## PROMPT
Could you output exactly the lines from the one containing "Vacanze rilassanti in" through the end of the records below, and nothing more?

## DATA FOR THIS TASK
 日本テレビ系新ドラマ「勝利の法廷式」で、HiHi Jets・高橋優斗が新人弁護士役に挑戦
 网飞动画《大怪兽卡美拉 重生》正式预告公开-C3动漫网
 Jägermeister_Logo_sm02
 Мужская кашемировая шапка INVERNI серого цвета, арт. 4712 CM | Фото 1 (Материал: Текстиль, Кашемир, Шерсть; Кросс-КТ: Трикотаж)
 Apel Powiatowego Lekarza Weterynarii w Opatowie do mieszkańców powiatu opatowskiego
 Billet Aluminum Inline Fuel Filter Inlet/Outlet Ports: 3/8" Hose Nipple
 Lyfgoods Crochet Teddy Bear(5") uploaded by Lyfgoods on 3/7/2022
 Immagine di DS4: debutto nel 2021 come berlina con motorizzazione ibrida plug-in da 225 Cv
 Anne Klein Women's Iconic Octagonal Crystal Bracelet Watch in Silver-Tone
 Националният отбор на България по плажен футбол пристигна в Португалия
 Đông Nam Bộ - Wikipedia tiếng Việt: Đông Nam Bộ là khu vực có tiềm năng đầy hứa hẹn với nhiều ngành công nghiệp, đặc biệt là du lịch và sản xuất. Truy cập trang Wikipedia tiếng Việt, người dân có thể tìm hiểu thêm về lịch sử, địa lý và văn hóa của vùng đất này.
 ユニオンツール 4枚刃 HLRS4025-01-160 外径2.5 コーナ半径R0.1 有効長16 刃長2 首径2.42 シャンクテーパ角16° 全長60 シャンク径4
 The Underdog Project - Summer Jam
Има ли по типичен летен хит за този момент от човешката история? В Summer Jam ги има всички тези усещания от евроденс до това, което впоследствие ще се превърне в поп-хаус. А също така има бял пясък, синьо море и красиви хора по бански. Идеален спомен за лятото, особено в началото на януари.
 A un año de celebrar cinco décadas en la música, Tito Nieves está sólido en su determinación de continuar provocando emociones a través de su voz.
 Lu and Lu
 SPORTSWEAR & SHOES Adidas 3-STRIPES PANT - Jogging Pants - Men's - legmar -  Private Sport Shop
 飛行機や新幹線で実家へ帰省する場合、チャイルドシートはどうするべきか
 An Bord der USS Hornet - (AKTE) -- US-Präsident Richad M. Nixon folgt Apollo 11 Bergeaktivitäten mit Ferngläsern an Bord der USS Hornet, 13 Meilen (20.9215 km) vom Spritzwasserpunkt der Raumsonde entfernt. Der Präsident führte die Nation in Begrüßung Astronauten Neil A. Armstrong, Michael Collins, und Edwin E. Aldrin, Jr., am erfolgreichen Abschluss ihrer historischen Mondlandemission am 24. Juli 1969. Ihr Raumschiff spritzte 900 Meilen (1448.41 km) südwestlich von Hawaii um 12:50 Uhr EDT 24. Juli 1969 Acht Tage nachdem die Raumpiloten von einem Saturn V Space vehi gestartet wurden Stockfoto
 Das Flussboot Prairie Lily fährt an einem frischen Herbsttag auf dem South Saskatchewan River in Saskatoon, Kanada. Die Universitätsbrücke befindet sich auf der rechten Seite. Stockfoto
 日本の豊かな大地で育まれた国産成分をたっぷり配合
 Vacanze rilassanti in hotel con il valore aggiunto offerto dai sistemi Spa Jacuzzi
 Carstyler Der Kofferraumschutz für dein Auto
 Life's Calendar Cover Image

## RESPONSE FOR THIS EXERCISE
 Vacanze rilassanti in hotel con il valore aggiunto offerto dai sistemi Spa Jacuzzi
 Carstyler Der Kofferraumschutz für dein Auto
 Life's Calendar Cover Image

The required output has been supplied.